Start of Block
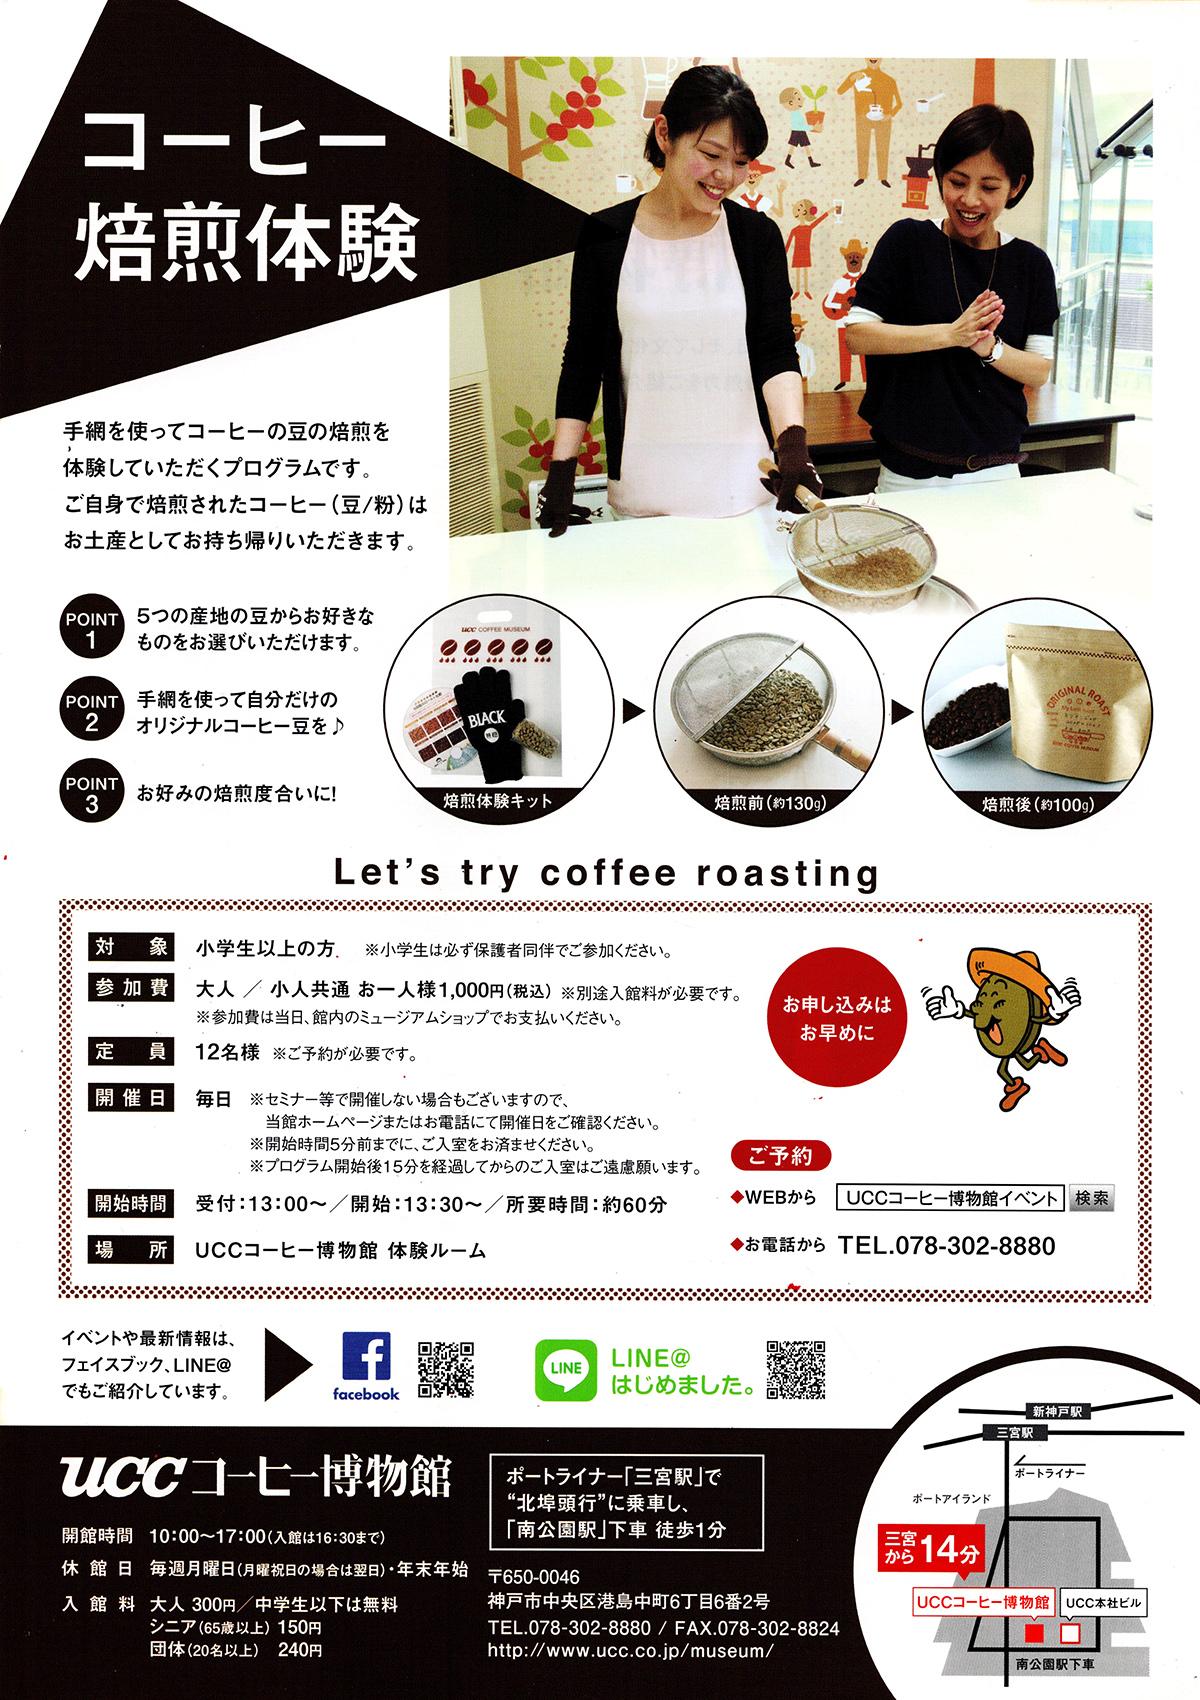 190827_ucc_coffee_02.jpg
End of Block
Start of Block
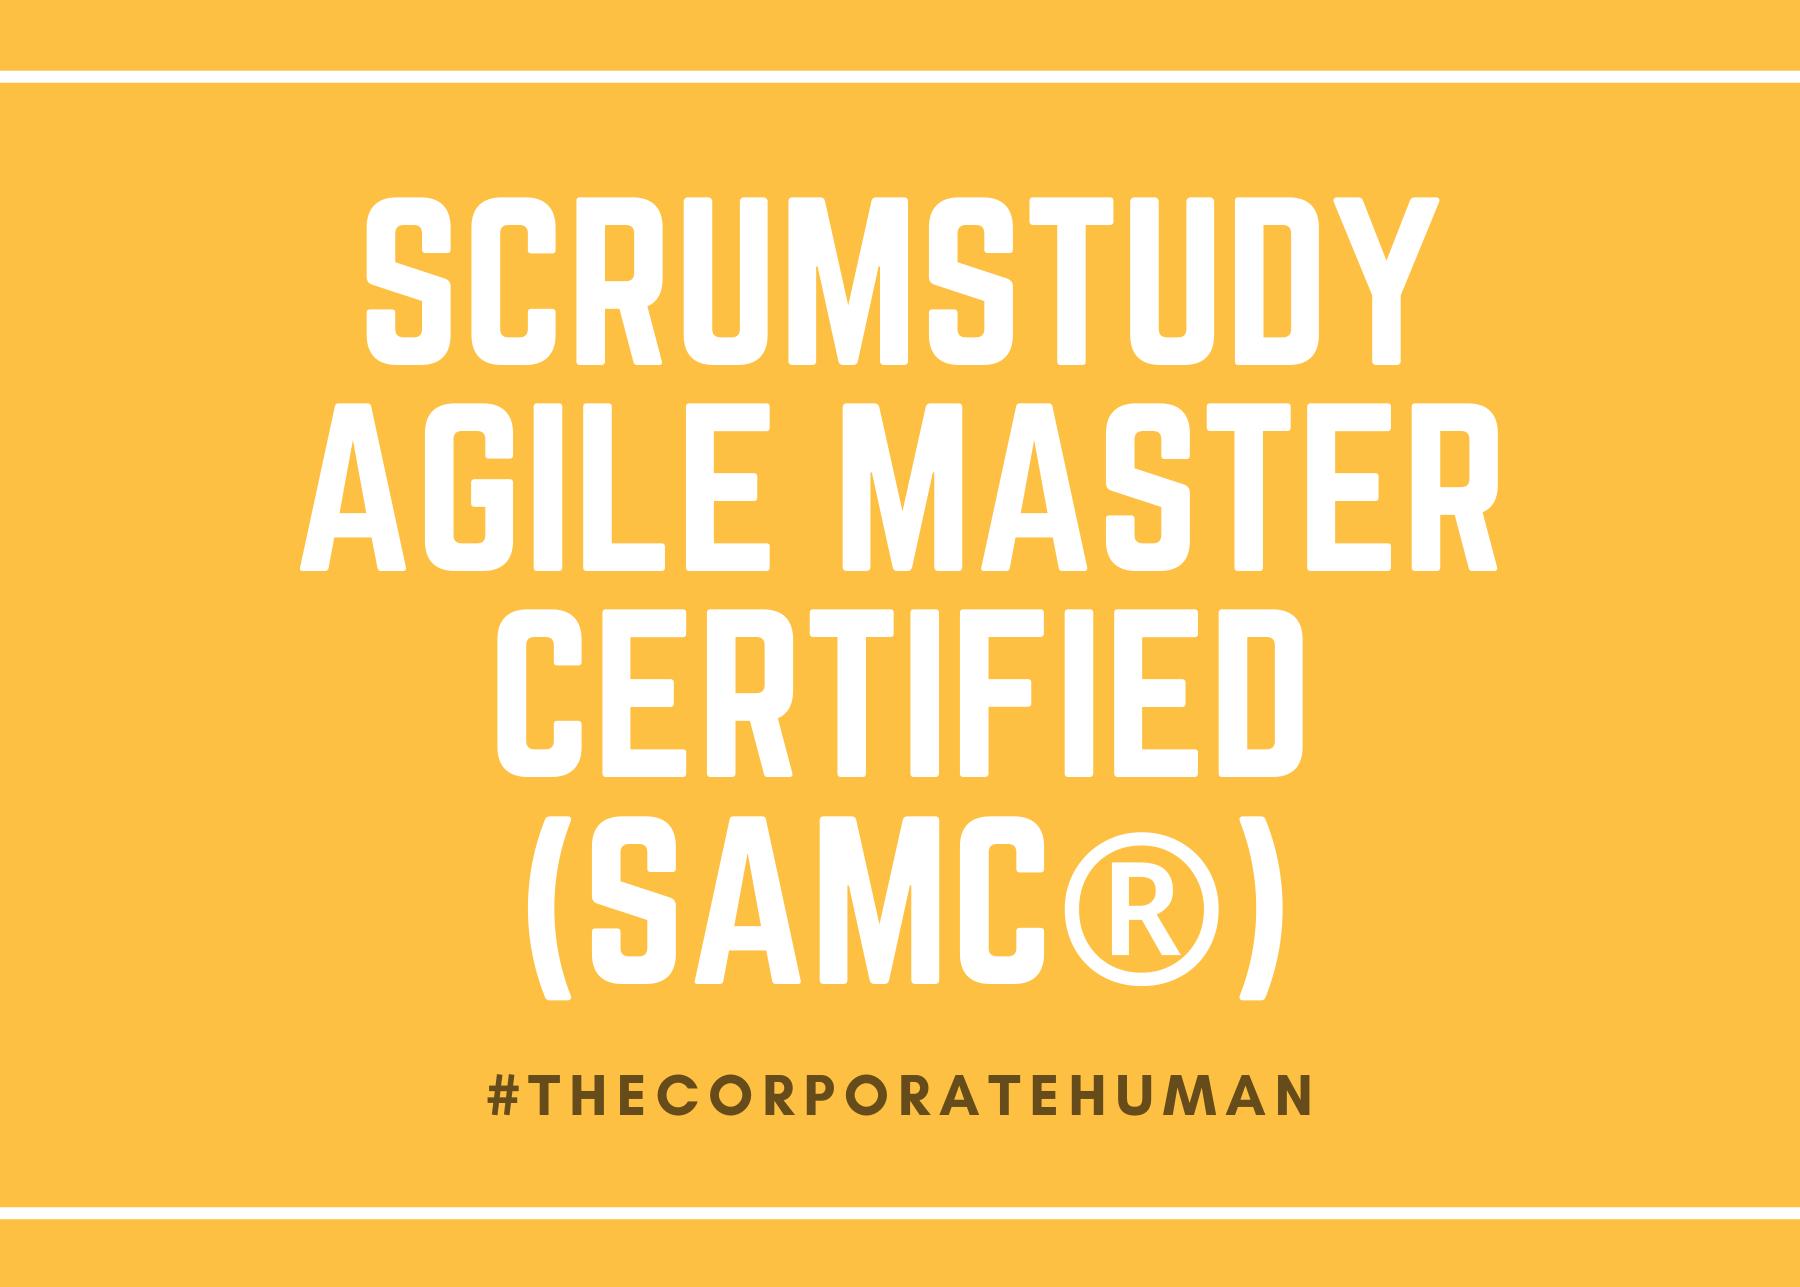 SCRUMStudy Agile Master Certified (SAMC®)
End of Block
Start of Block
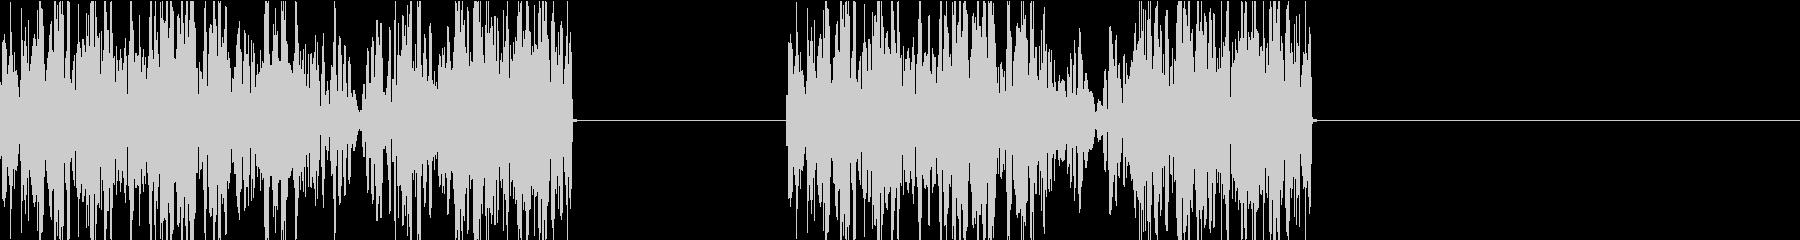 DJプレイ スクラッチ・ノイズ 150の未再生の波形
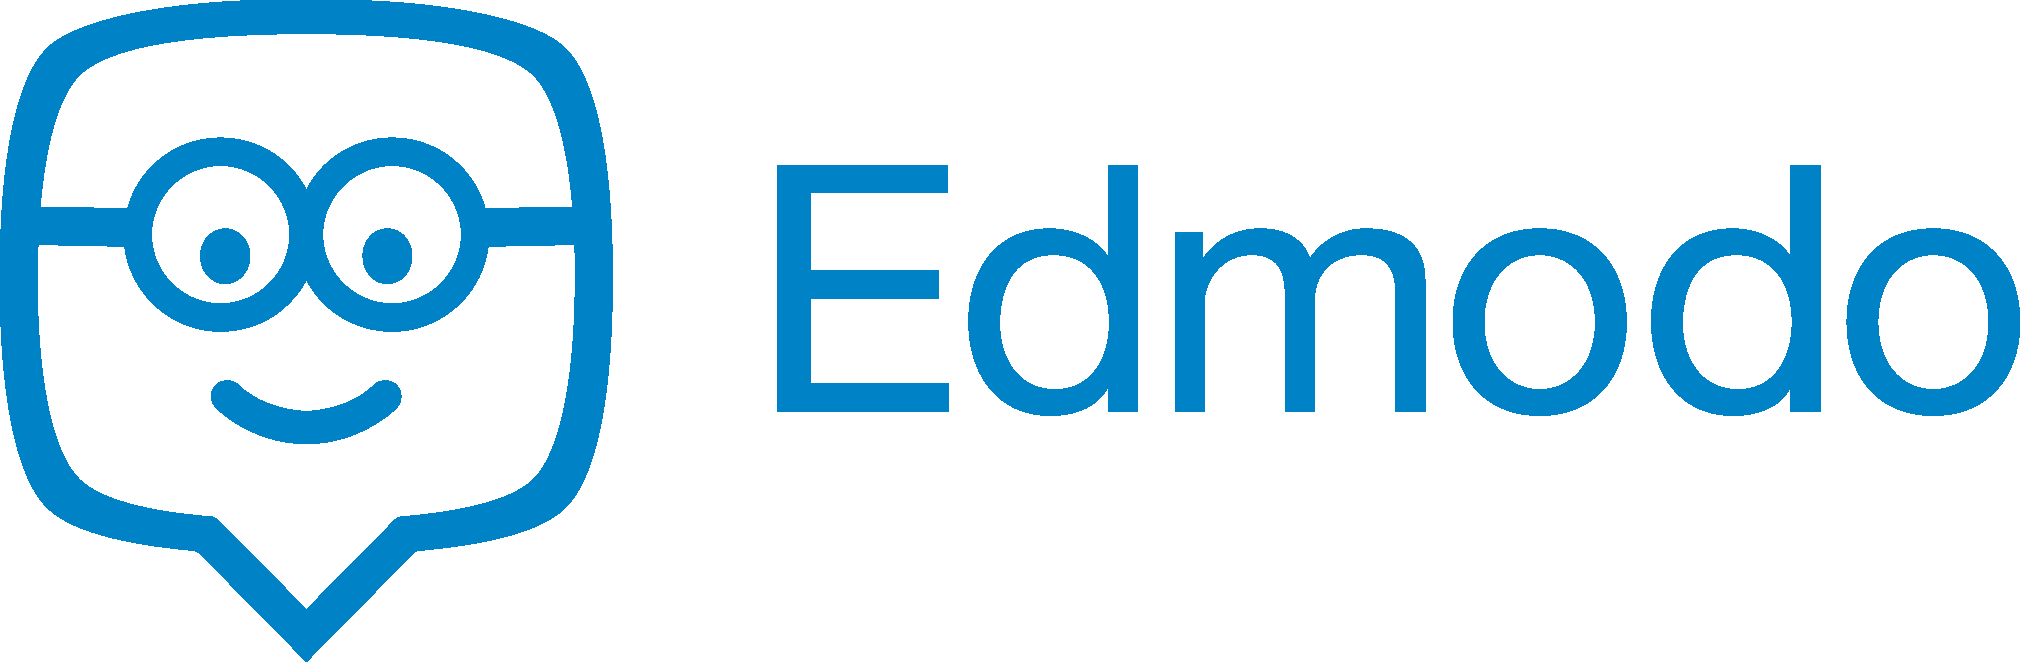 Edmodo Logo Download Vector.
End of Block
» Prompt:
Look above for the line with "DJプレイ スクラッチ・ノイズ 150の未再生の波形" and the line with "Edmodo Logo Download Vector.". Output those two and everything between them exactly, pictures excluded.

» Output of the exercise:
 DJプレイ スクラッチ・ノイズ 150の未再生の波形
 Edmodo Logo Download Vector.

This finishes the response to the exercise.